TASK STATEMENT: Restate the data below word for word, omitting pictures.

MATERIAL PROVIDED:
···
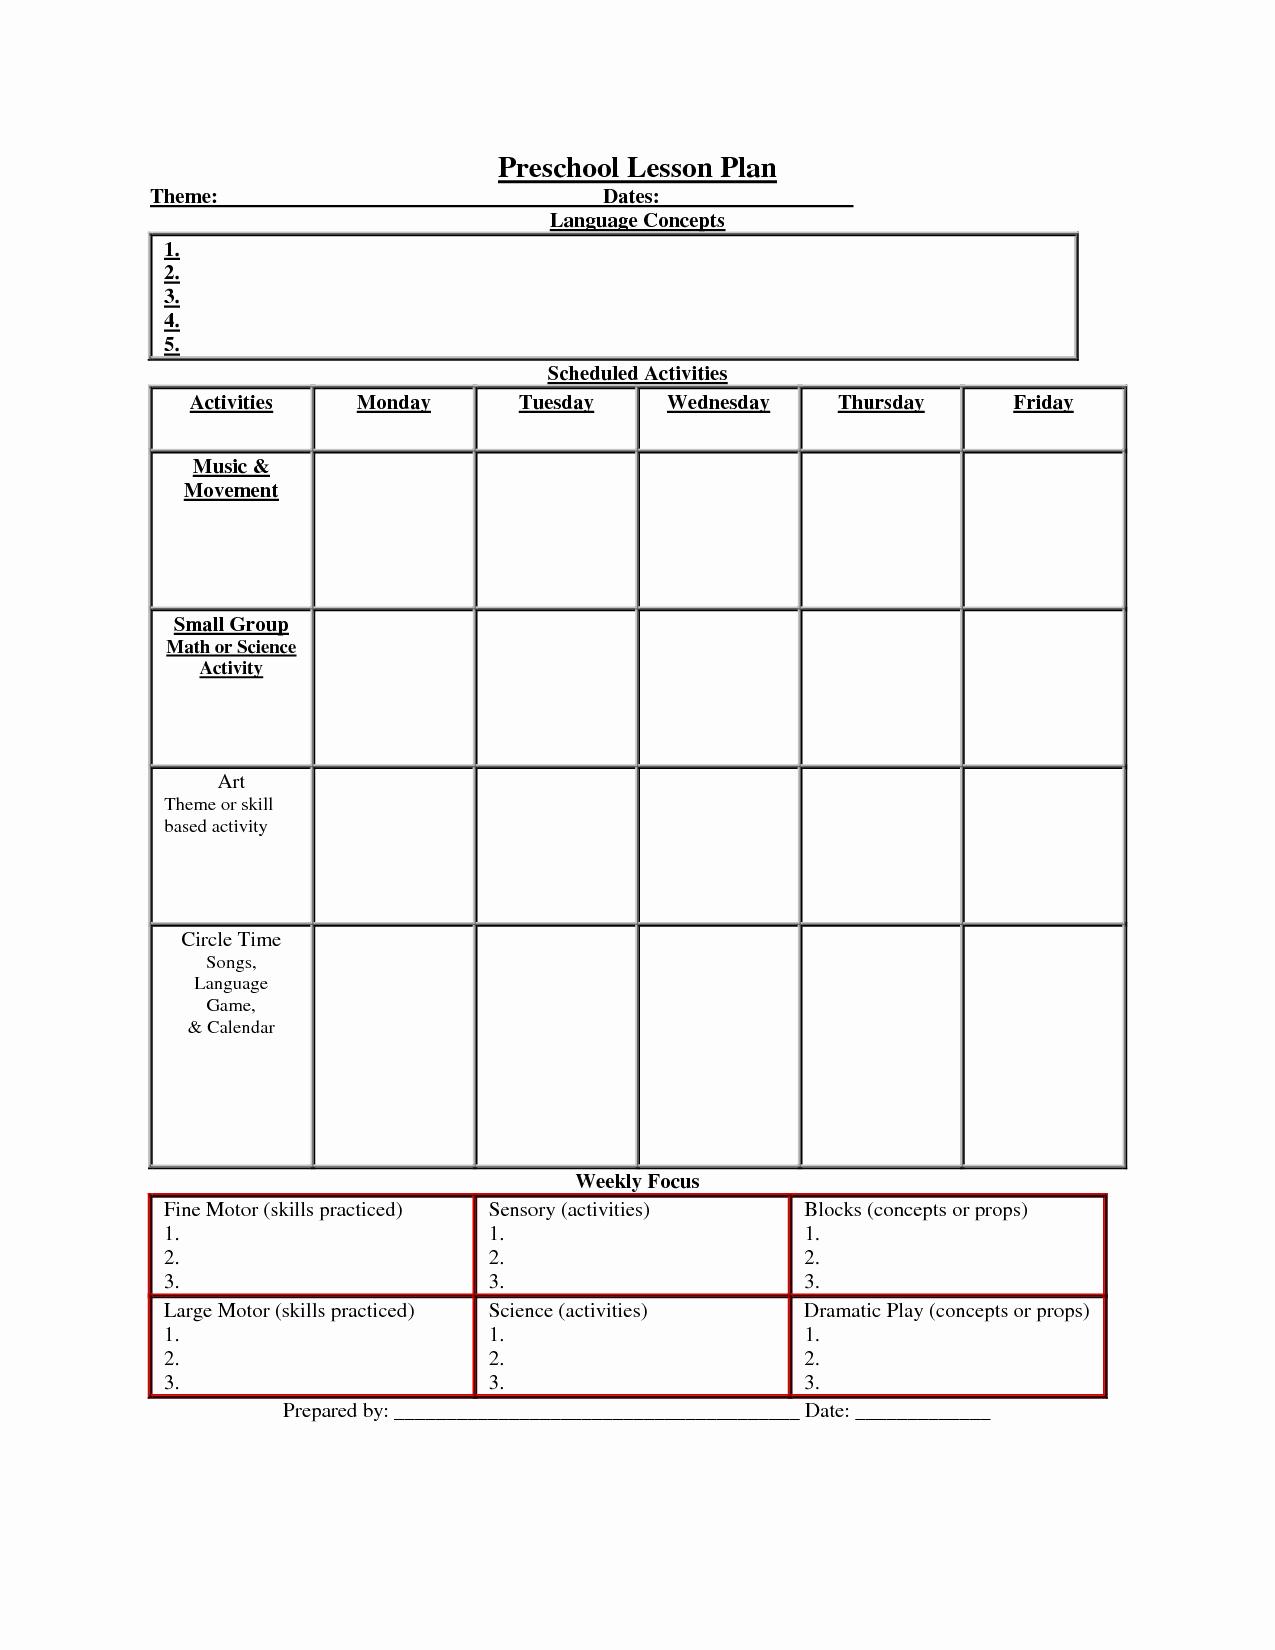 Lesson Plan Template for Preschool Fresh Printable Lesson Plan Template Nuttin but Preschool
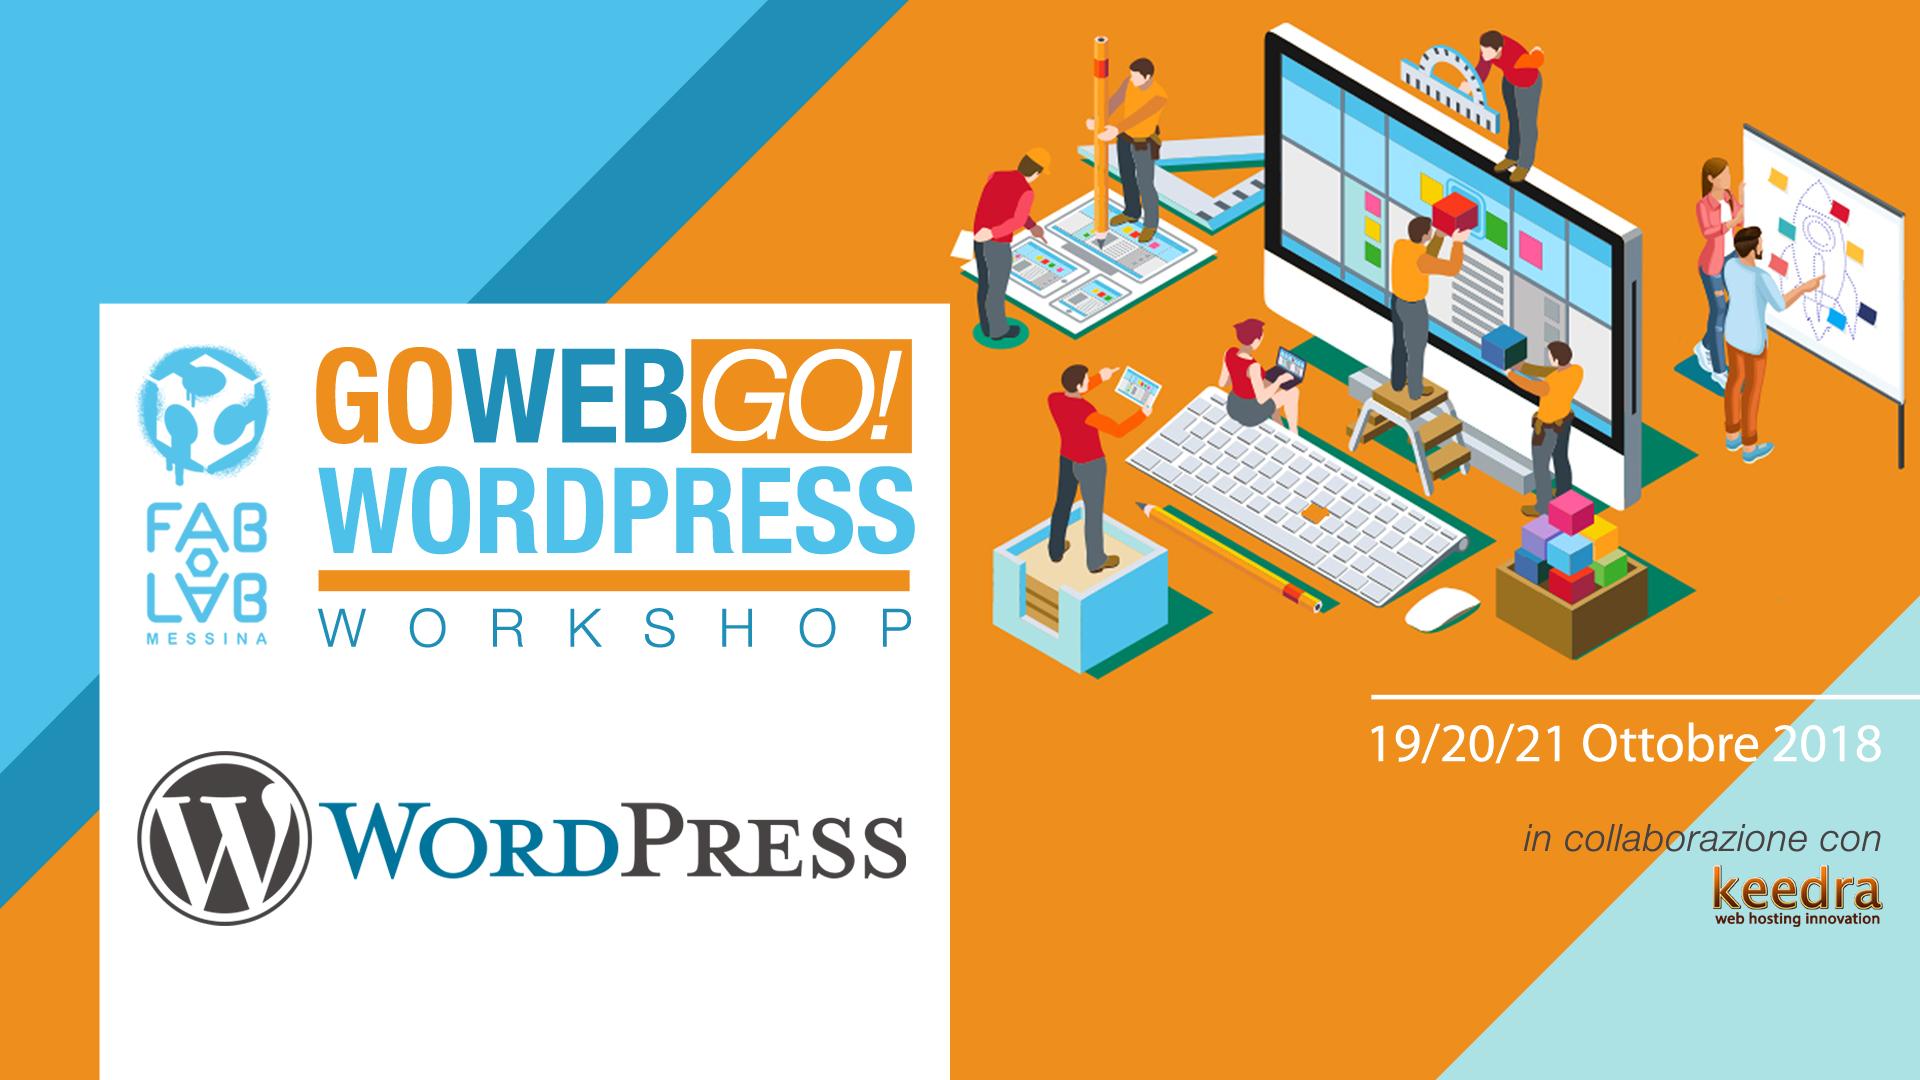 GoWebGo! – WordPress Workshop
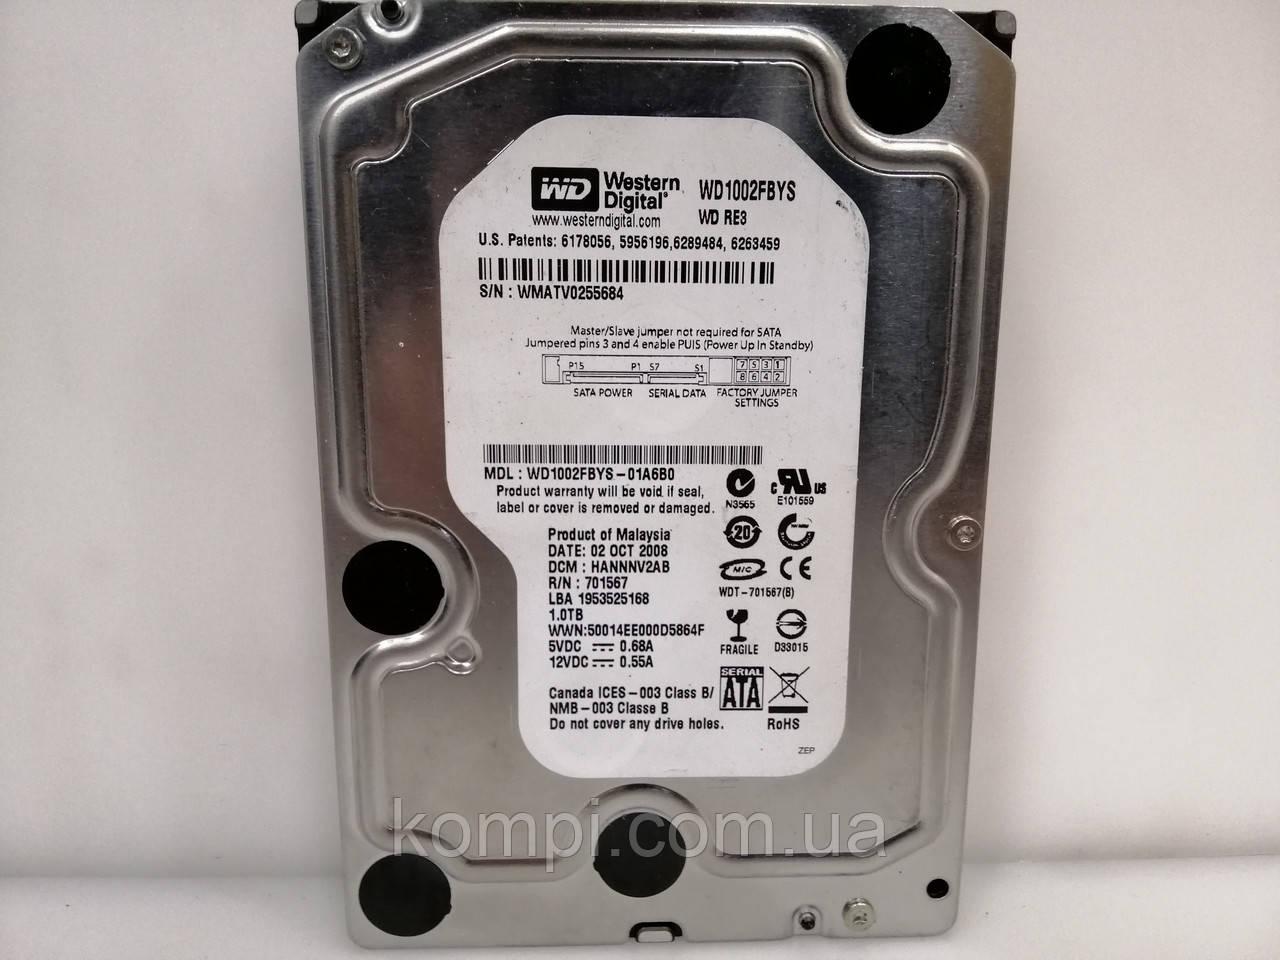 HDD Жорсткий диск Western Digital RE3 1TB 7200rpm 32MB WD1002FBYS 3.5 SATA II  для ПК ІДЕАЛЬНИЙ СТАН
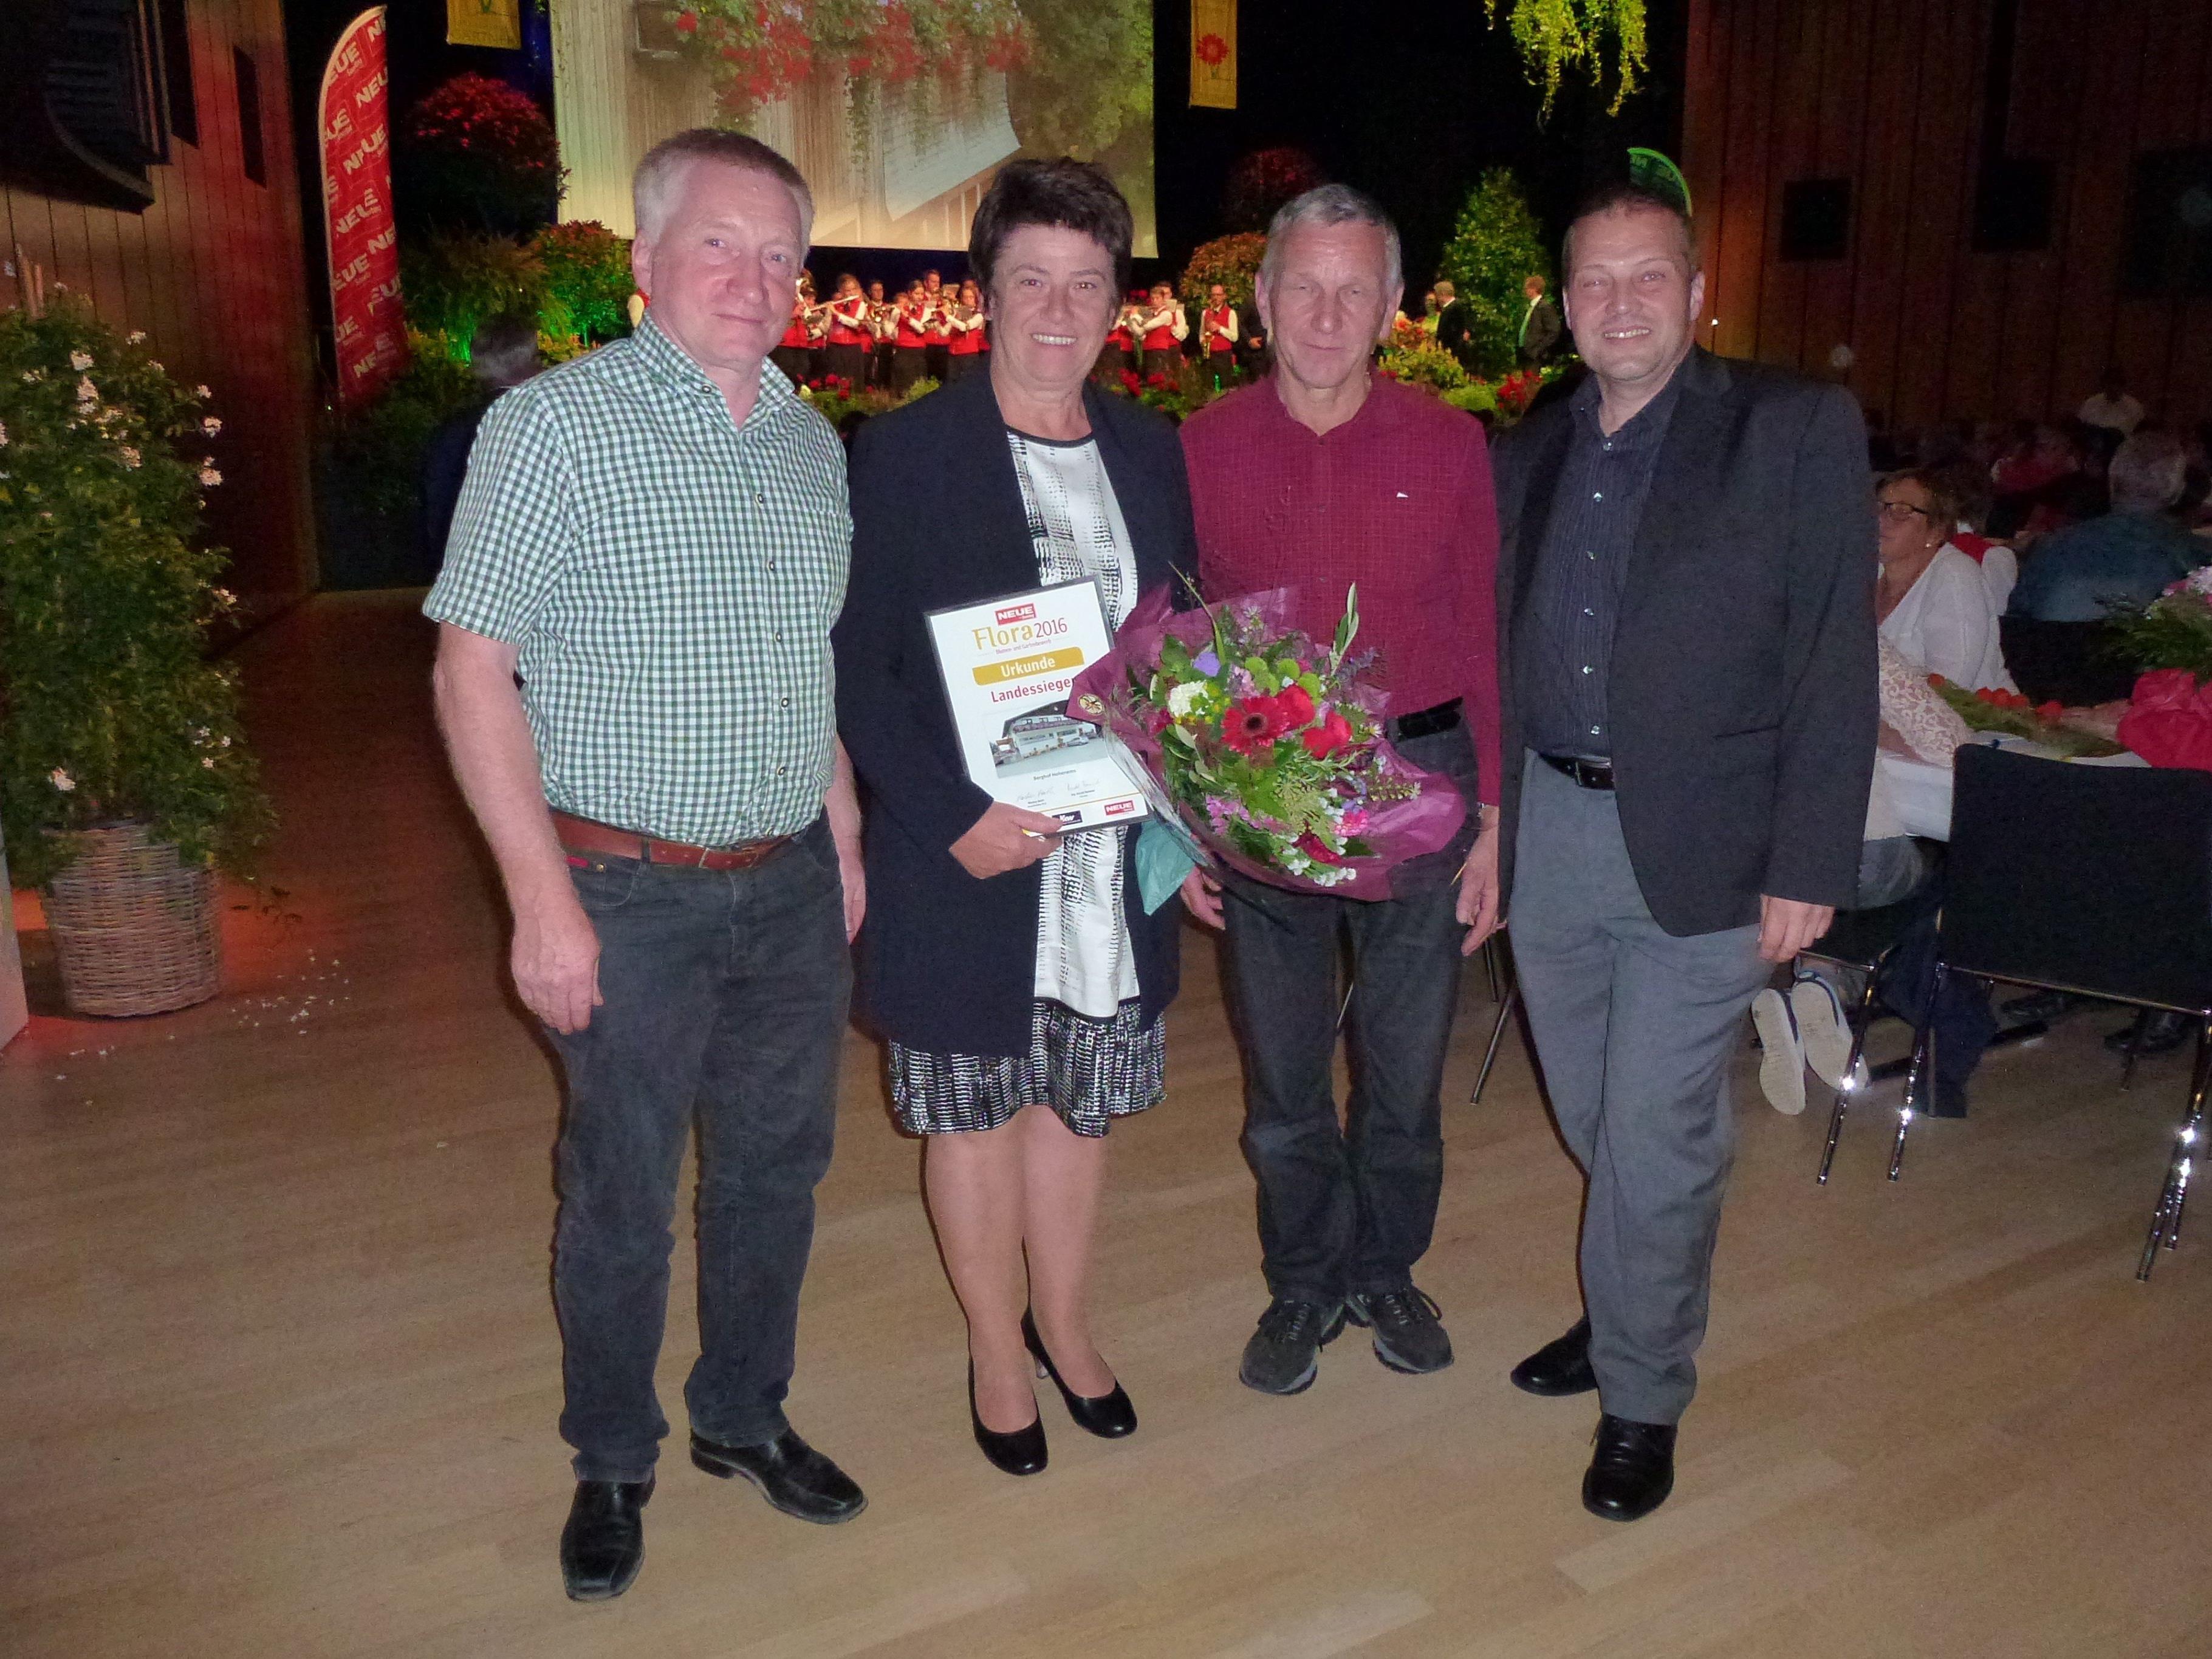 Hermann Klien, Edith Mathis, Gebhard Linder, Günter Mathis
···
EXERCISE OUTPUT:
 Lesson Plan Template for Preschool Fresh Printable Lesson Plan Template Nuttin but Preschool
 GoWebGo! – WordPress Workshop
 HDD Жорсткий диск Western Digital RE3 1TB 7200rpm 32MB WD1002FBYS 3.5 SATA II  для ПК ІДЕАЛЬНИЙ СТАН
 Hermann Klien, Edith Mathis, Gebhard Linder, Günter Mathis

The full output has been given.